Key to the invention is employing thin hybrid cords featuring a very low fineness of not more than 550 dtex, preferably of not more than 500 dtex, particularly preferably of not more than 460 dtex, in the two lateral regions of the belt bandage in which the requirements for breaking extension of the strength members are lower than in the central region. This means that the belt ply in the lateral sections may be made thinner, thus reducing the weight of the tire and the heat build-up as the tire rolls. This reduces the rolling resistance of the tire. It has been found that a reduction in the fineness of the higher-modulus strength members of the lateral regions has a positive effect on rolling resistance. Such thin cords may also be arranged in higher density, as a result of which the belt bandage ensures very good high-speed durability.


The lower-modulus strength member(s) of the central section ensure the sufficient expansion during tire construction and during use. These strength members too have a lower fineness which has a positive effect on rolling resistance.


The use of high-modulus material in the lateral sections and the use of strength members in the central section whose modulus of elasticity is lower than the modulus of elasticity of the hybrid cords of the lateral sections ensures continued very good high-speed properties of the tire.


The invention accordingly provides a pneumatic vehicle tire having a belt bandage which exhibits reduced rolling resistance and which allow the different expansion requirements in the axial regions of the tire during shaping and in the vulcanization mold and is thus capable of reliable production while ensuring continued good high-speed properties.
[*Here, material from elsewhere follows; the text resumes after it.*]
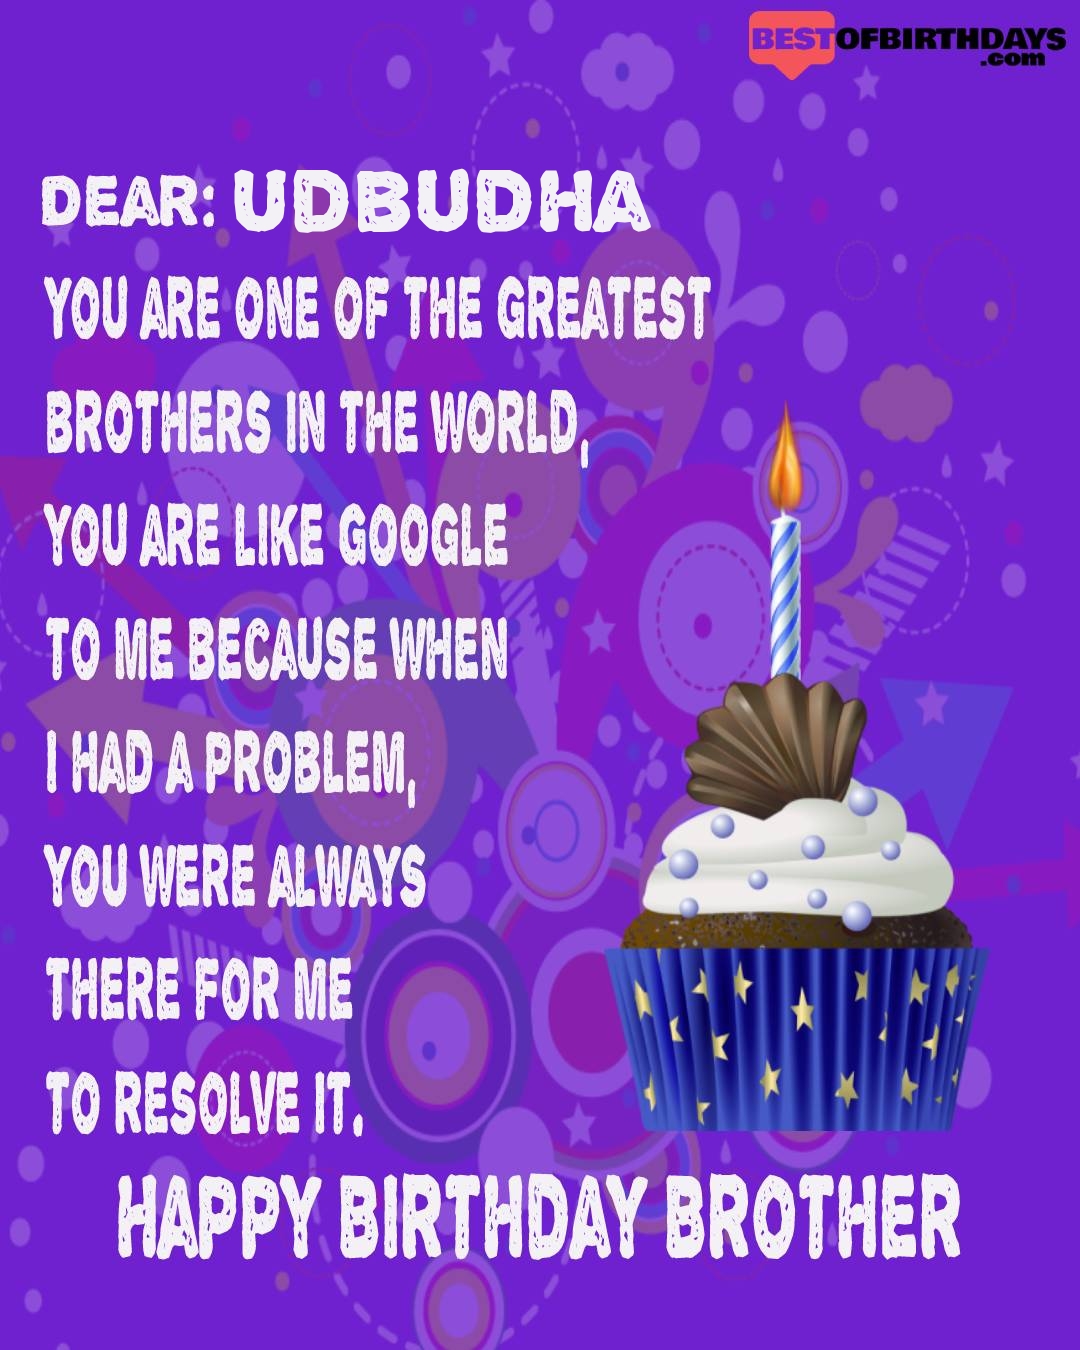 Happy birthday udbudha bhai brother bro

For problem-free tire construction it is sufficient when the breaking extension of the hybrid strength members of the lateral sections is in a range from 4% to 7%, preferably in a range from 5% to 6%.


To ensure expansion of the tire in the central region it is advantageous when the breaking extension of the strength member in the central region is at least 7%, preferably at least 8%.


The breaking extension is determined as per ASTM D885.


The high-modulus yarn advantageously consists of one of the following materials: aramid fibers, carbon fibers, glass fibers, basalt. The high-modulus yarn preferably consists of aramid fibers, preferably fibers made of para-aramid or meta-aramid.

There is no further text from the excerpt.